Andre Przywara andre.przywara at arm.com
Mon Dec 16 16:08:11 CET 2019


On Mon, 16 Dec 2019 18:15:01 +0530
Amit Tomer <amittomer25 at gmail.com> wrote:

Hi,

> Thanks for having the look.

thanks for the reply and the comments.

[ ... ]

> > > +#define TDMA_RING_REG_BASE(QUEUE_NUMBER) (GENET_TDMA_REG_OFF \
> > > +                        + (DMA_RING_SIZE * (QUEUE_NUMBER)))  
> >
> > So it seems like we are *always* using the default queue number. For improved readability we could drop this parameter and hardcode this here, so that users just need to use TDMA_RING_REG_BASE.  
> 
> Yeah, this can be done, only thing if in future we would like to work
> on some specific queue , keeping that in my mind I put it.

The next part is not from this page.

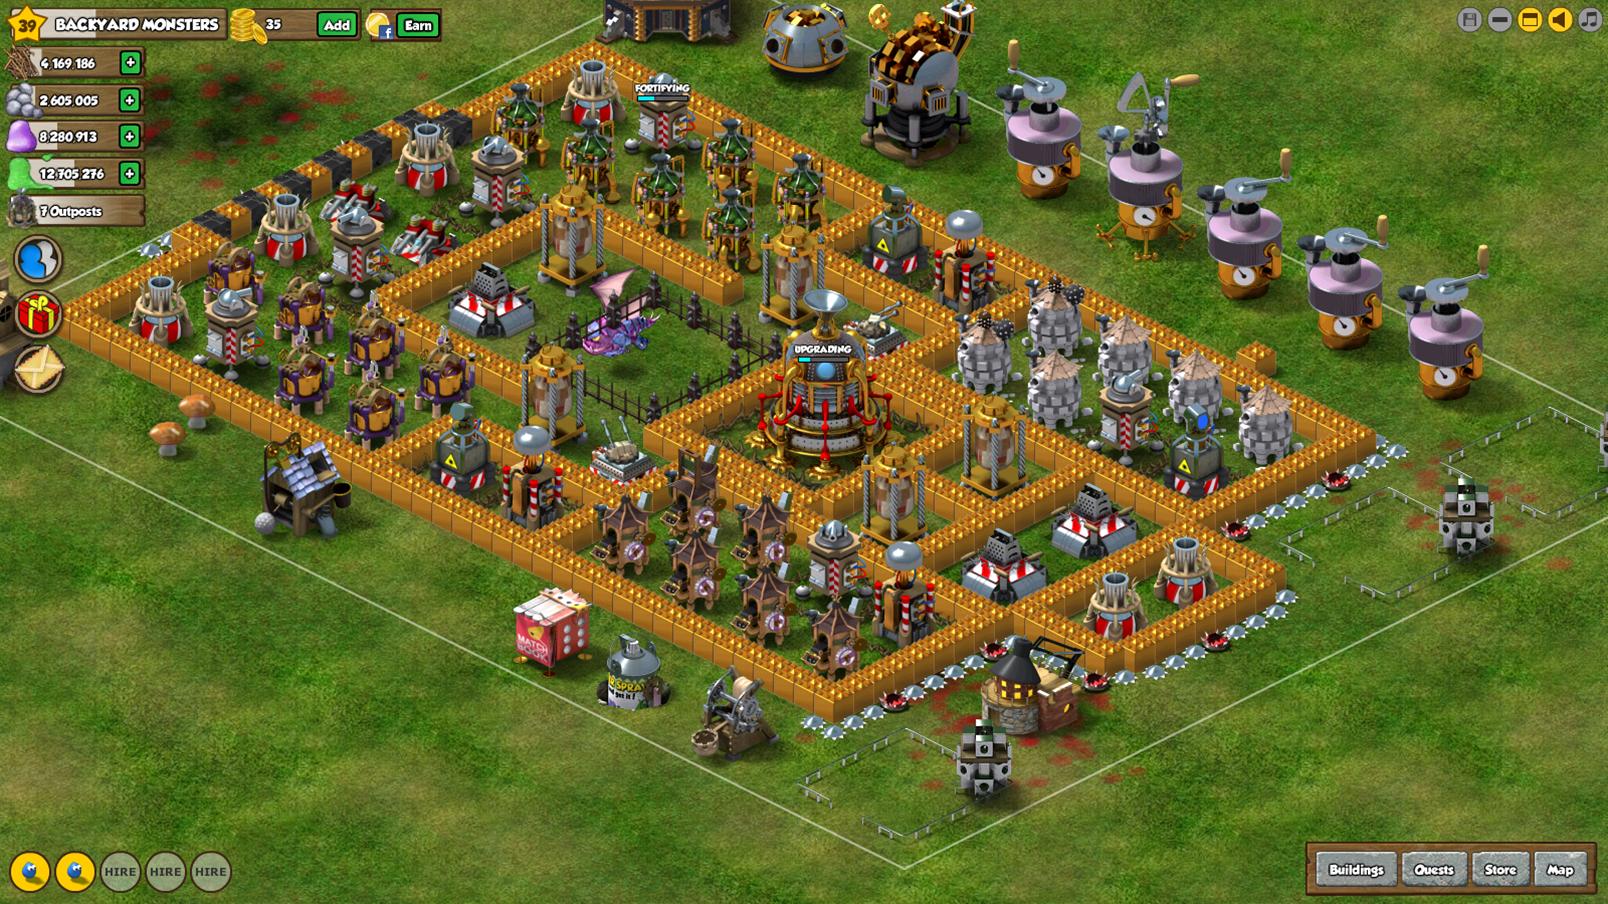 Backyard Monsters Best Base image - th best cell base ever | backyard monsters wiki | fandom

As I mentioned for Florian earlier, there is absolutely no reason for U-Boot to ever support multiple queues. So we can very safely just ignore everything other than the default queue.

[ ... ]

> > > +static void bcmgenet_umac_reset(struct bcmgenet_eth_priv *priv)
> > > +{
> > > +     u32 reg;
> > > +
> > > +     reg = readl(priv->mac_reg + SYS_RBUF_FLUSH_CTRL);
> > > +     reg |= BIT(1);
> > > +     writel(reg, (priv->mac_reg + SYS_RBUF_FLUSH_CTRL));  
> >
> > Please use setbits_le32() and friends for those manipulations. This is much easier to read and less error-prone. This applies to all other bit manipulations below as well.  
> 
> Sure.
> 
> > > +     udelay(10);
> > > +
> > > +     reg &= ~BIT(1);
> > > +     writel(reg, (priv->mac_reg + SYS_RBUF_FLUSH_CTRL));
> > > +     udelay(10);
> > > +}
> > > +
> > > +static void reset_umac(struct bcmgenet_eth_priv *priv)  
> >
> > What is the difference to the function above? The name is confusingly similar.  
> I think only function is needed, this is something I took my older
> version of  Linux driver and is leftover
> which is not needed.

So what I figured is this: Each of those three functions (reset_umac(), bcmgenet_umac_reset(), init_umac()) has exactly one caller:
bcmgenet_eth_init() calls:
	....
	bcmgenet_umac_reset(priv);
        init_umac(priv);
	(which calls:)
		reset_umac(priv);
		
	...

So that means we can unify those into one function, which will be called from eth_init().
 
> Will check this again.
> > > +{
> > > +     writel(0, (priv->mac_reg + SYS_RBUF_FLUSH_CTRL));
> > > +     udelay(10);
> > > +
> > > +     writel(0, priv->mac_reg + UMAC_CMD);
> > > +
> > > +     writel(CMD_SW_RESET | CMD_LCL_LOOP_EN, priv->mac_reg + UMAC_CMD);
> > > +     udelay(2);
> > > +     writel(0, priv->mac_reg + UMAC_CMD);
> > > +}
> > > +
> > > +static void init_umac(struct bcmgenet_eth_priv *priv)
> > > +{
> > > +     u32 reg;
> > > +
> > > +     reset_umac(priv);
> > > +
> > > +     /* clear tx/rx counter */
> > > +     writel(MIB_RESET_RX | MIB_RESET_TX | MIB_RESET_RUNT,
> > > +            priv->mac_reg + UMAC_MIB_CTRL);
> > > +     writel(0, priv->mac_reg + UMAC_MIB_CTRL);
> > > +
> > > +     writel(ENET_MAX_MTU_SIZE, priv->mac_reg + UMAC_MAX_FRAME_LEN);
> > > +
> > > +     /* init rx registers, enable ip header optimization */
> > > +     reg = readl(priv->mac_reg + RBUF_CTRL);
> > > +     reg |= RBUF_ALIGN_2B;
> > > +     writel(reg, (priv->mac_reg + RBUF_CTRL));
> > > +
> > > +     writel(1, (priv->mac_reg + RBUF_TBUF_SIZE_CTRL));
> > > +}
> > > +
> > > +static int _bcmgenet_write_hwaddr(struct bcmgenet_eth_priv *priv,
> > > +                               unsigned char *addr)
> > > +{
> > > +     writel_relaxed(((addr[0] << 24) | (addr[1] << 16) | (addr[2] << 8)
> > > +                    | addr[3]), priv->mac_reg + UMAC_MAC0);
> > > +     writel_relaxed((addr[4] << 8) | addr[5], priv->mac_reg + UMAC_MAC1);
> > > +
> > > +     return 0;
> > > +}  
> >
> > Why this function? Can't you just use the one below and put the actual code in there?  
> 
> Actually , we are calling it after reset as well and is trigger from two places.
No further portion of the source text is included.